_TASK INSTRUCTIONS_
Leave the pictures out and restate every line below exactly.

++++ DATA SECTION

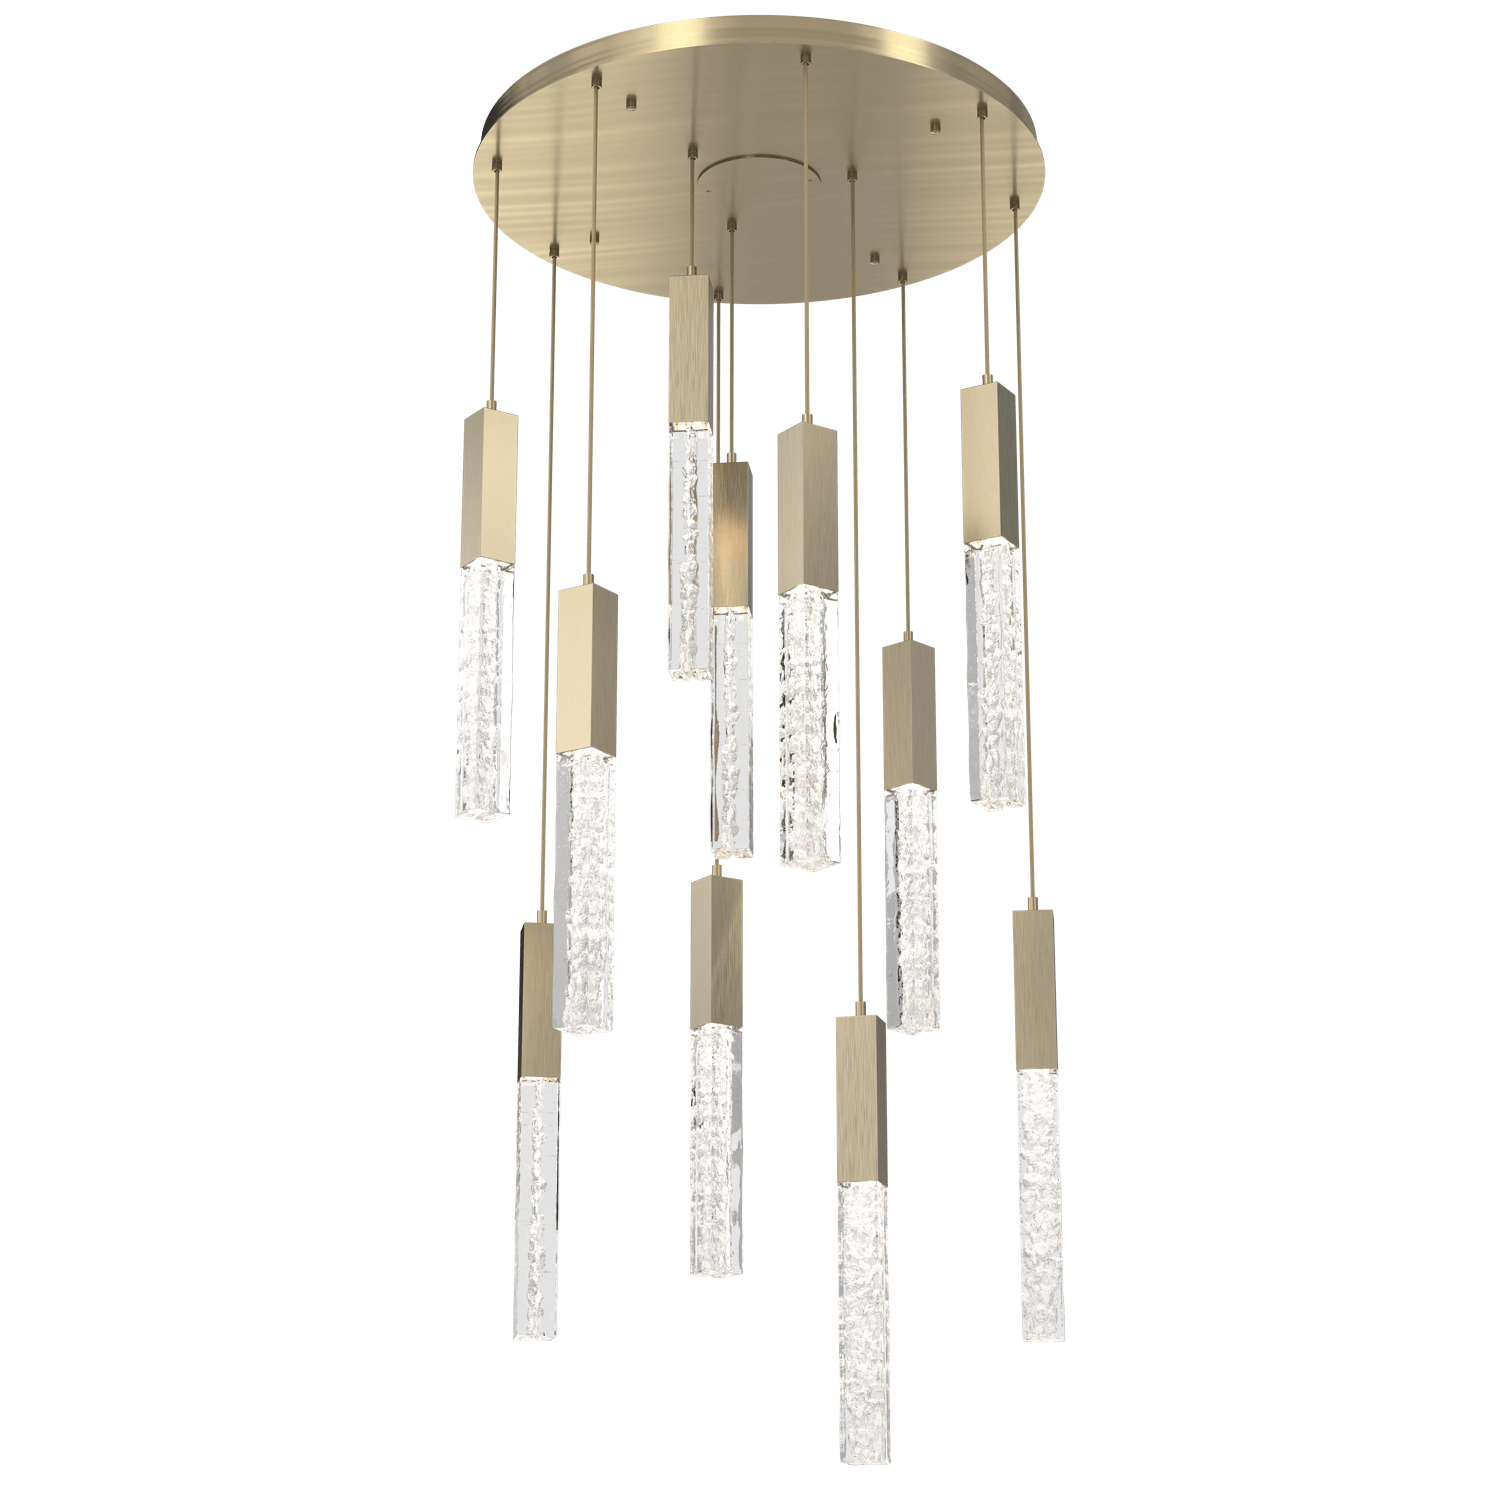 CHB0060-11-HB-GC-Hammerton-Studio-Axis-11-Light-Pendant-Chandelier-with-Heritage-Brass-finish-and-clear-cast-glass-and-LED-lamping
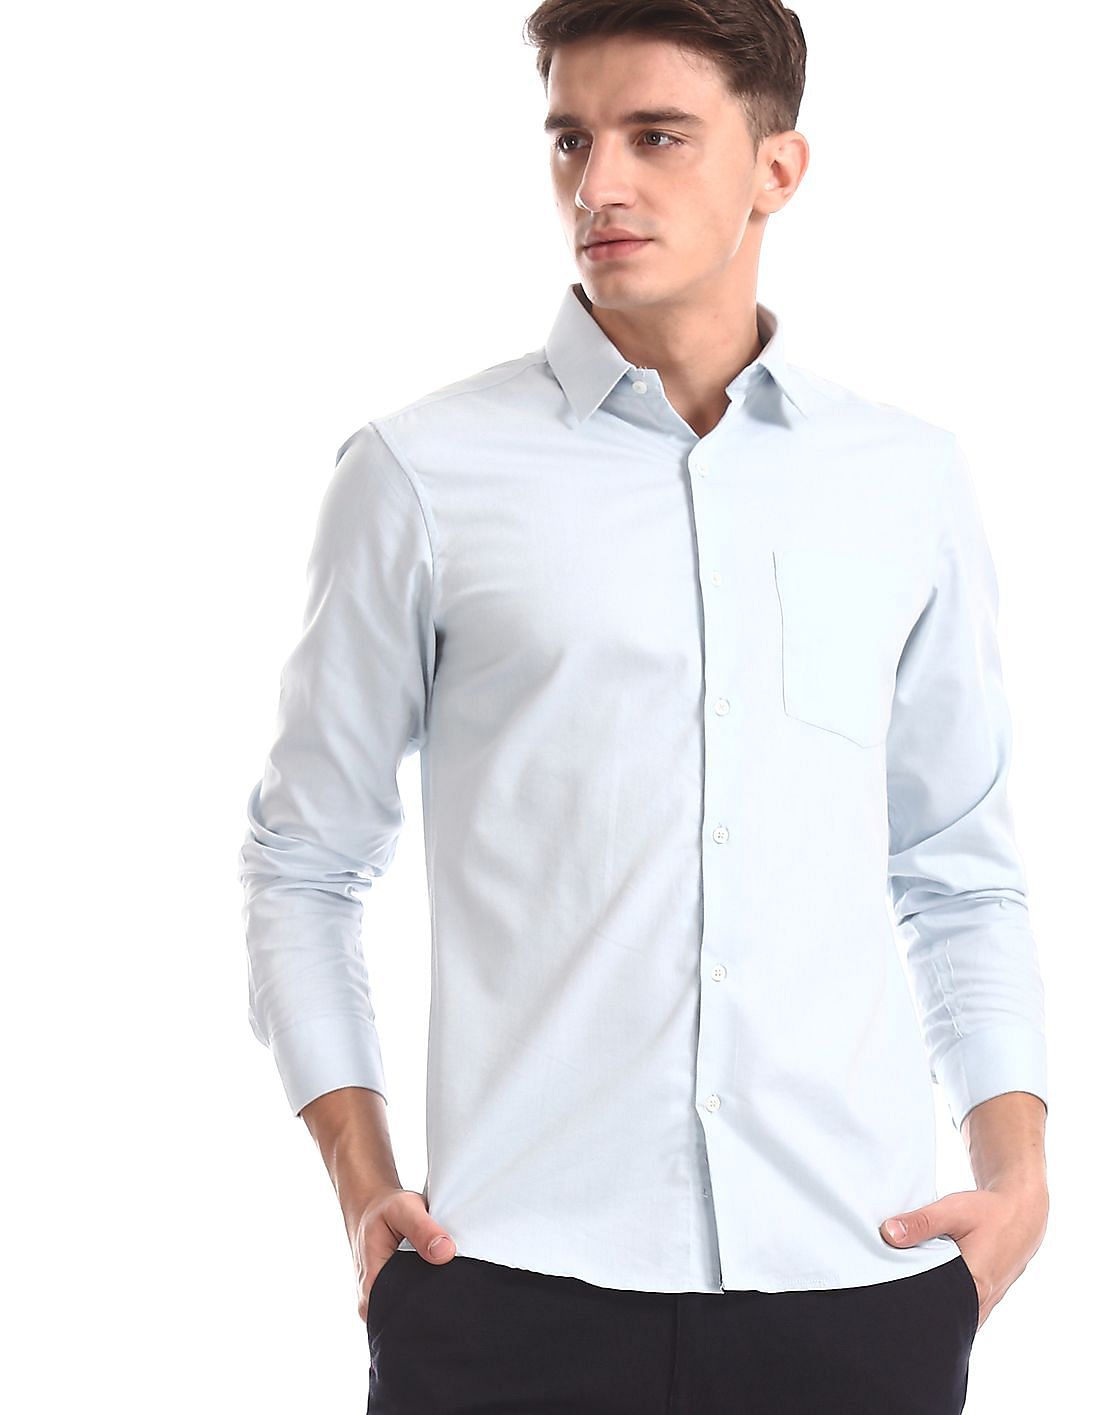 Buy Excalibur Blue Mitered Cuff French Placket Shirt - NNNOW.com
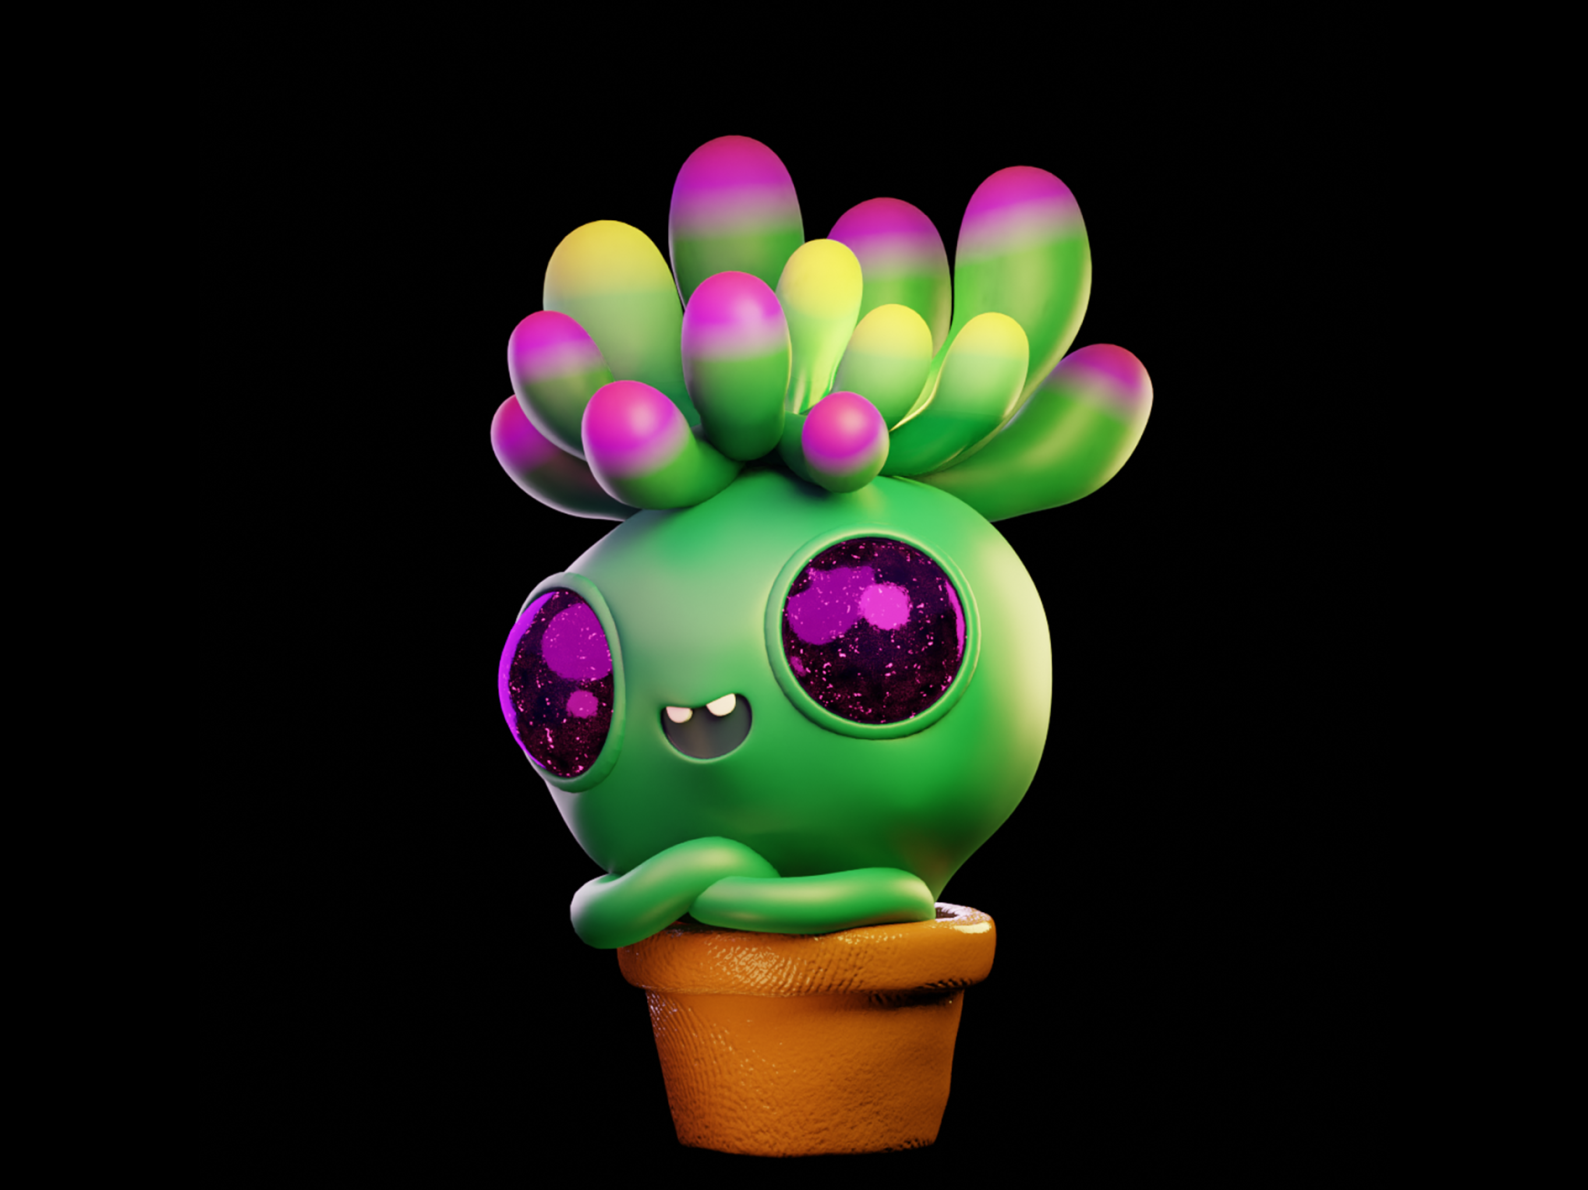 Mysterious Plant by Grace_A on Dribbble
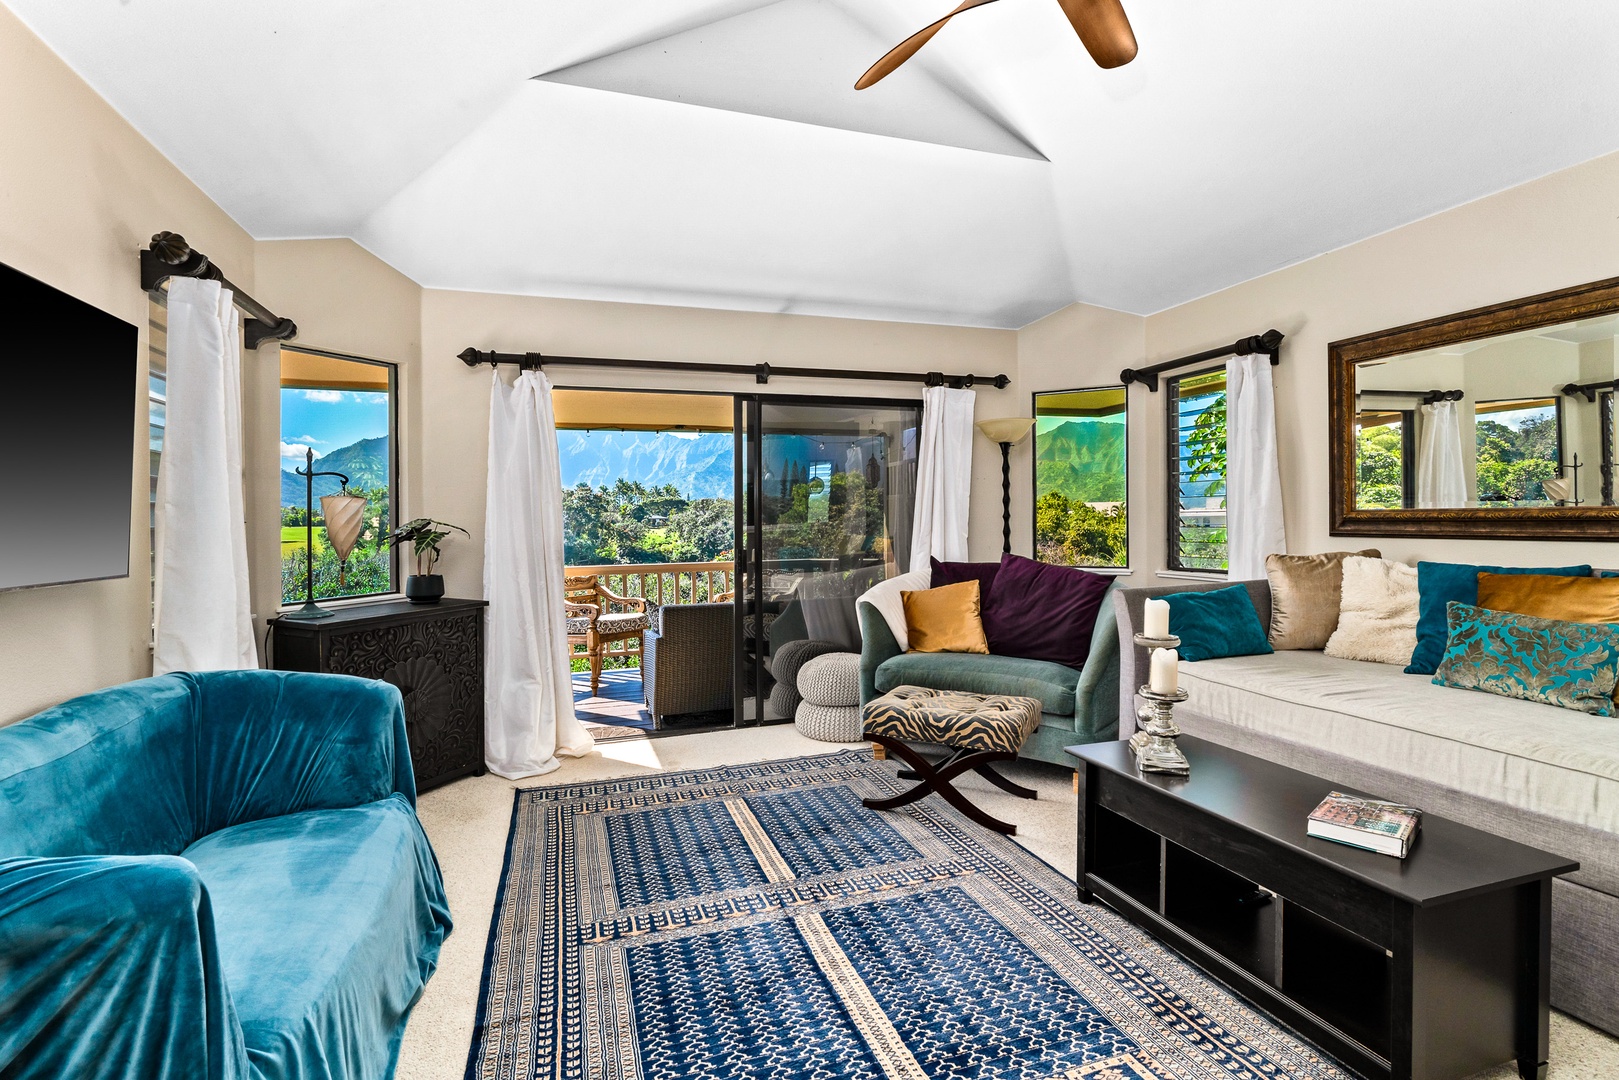 Princeville Vacation Rentals, Makanalani - Our open floorplan seamlessly leads to the lanai, blending indoor comfort with the beauty of outdoor living.

++++++++

_RESPONSE AREA_
 CHB0060-11-HB-GC-Hammerton-Studio-Axis-11-Light-Pendant-Chandelier-with-Heritage-Brass-finish-and-clear-cast-glass-and-LED-lamping
 Buy Excalibur Blue Mitered Cuff French Placket Shirt - NNNOW.com
 Mysterious Plant by Grace_A on Dribbble
 Princeville Vacation Rentals, Makanalani - Our open floorplan seamlessly leads to the lanai, blending indoor comfort with the beauty of outdoor living.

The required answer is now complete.